Forward-Looking Information

Certain statements regarding Regulus, including management's assessment of future plans and operations, may constitute forward-looking statements under applicable securities laws and necessarily involve known and unknown risks and uncertainties, most of which are beyond Regulus' control. Often, but not always, forward-looking statements or information can be identified by the use of words such as "plans", "expects" or "does not expect", "is expected", "budget", "scheduled", "estimates", "forecasts", "intends", "anticipates" or "does not anticipate" or "believes" or variations of such words and phrases or statements that certain actions, events or results "may", "could", "would", "might" or "will" be taken, occur or be achieved.

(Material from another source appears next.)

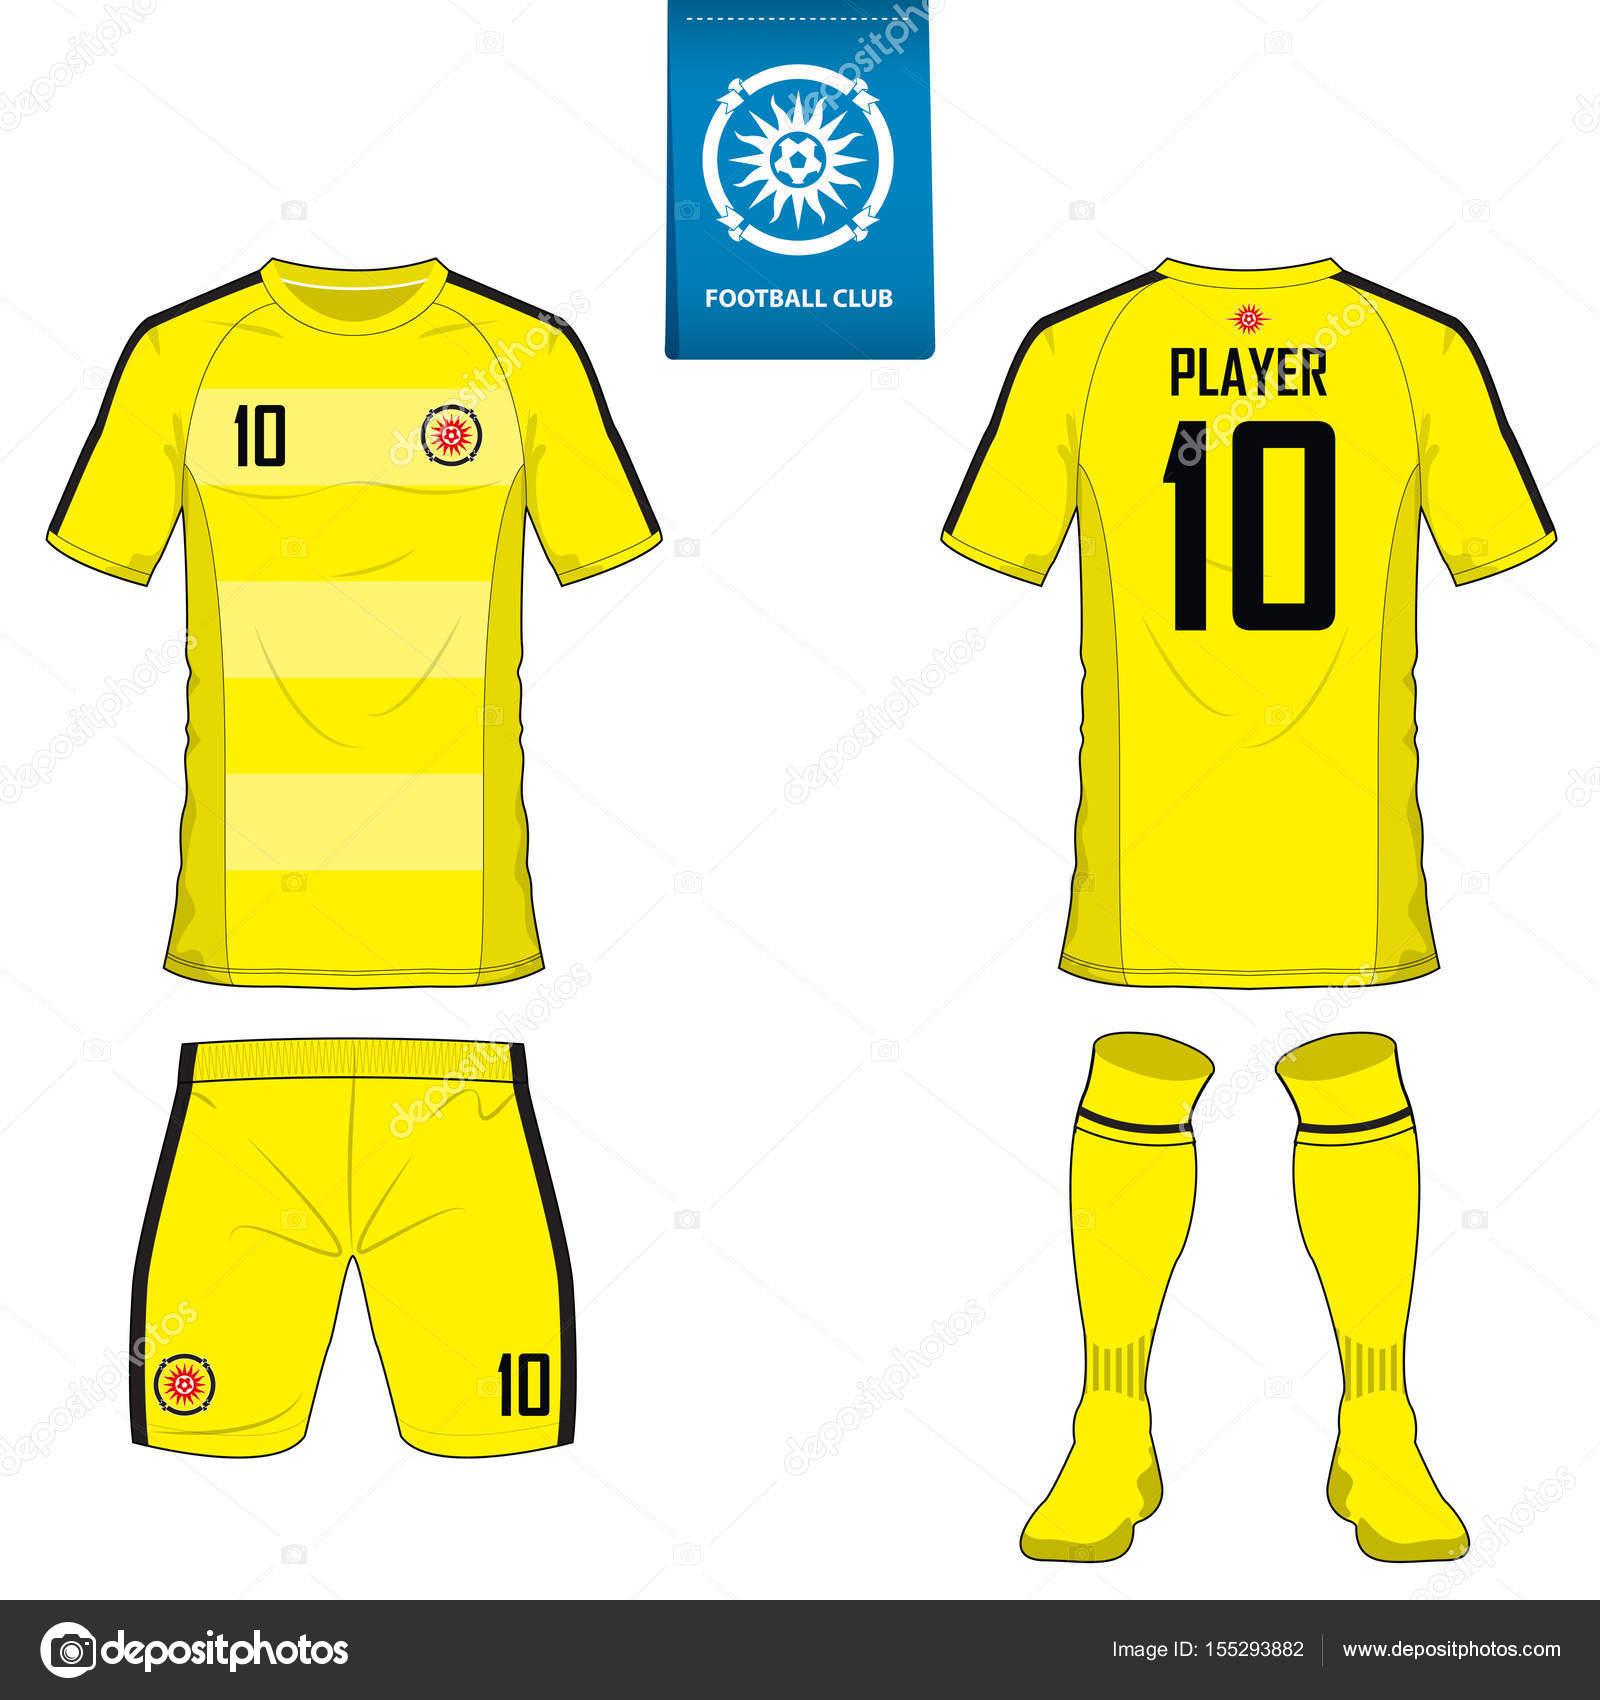 Conjunto de la plantilla de fútbol kit o del balompié de jersey para club  del balompié. Camiseta fútbol manga corta imitan para arriba. 602c14e654c3e

Specifically, and without limitation, all statements included in this press release that address activities, events or developments that Regulus expects or anticipates will or may occur in the future, including the proposed exploration and development of the AntaKori project described herein, and management's assessment of future plans and operations and statements with respect to the completion of the anticipated exploration and development programs, may constitute forward-looking statements under applicable securities laws and necessarily involve known and unknown risks and uncertainties, most of which are beyond Regulus' control. These risks may cause actual financial and operating results, performance, levels of activity and achievements to differ materially from those expressed in, or implied by, such forward-looking statements. Although Regulus believes that the expectations represented in such forward-looking statements are reasonable, there can be no assurance that such expectations will prove to be correct.

The forward looking statements contained in this press release are made as of the date hereof and Regulus does not undertake any obligation to publicly update or revise any forward-looking statements or information, whether as a result of new information, future events or otherwise, unless so required by applicable securities law.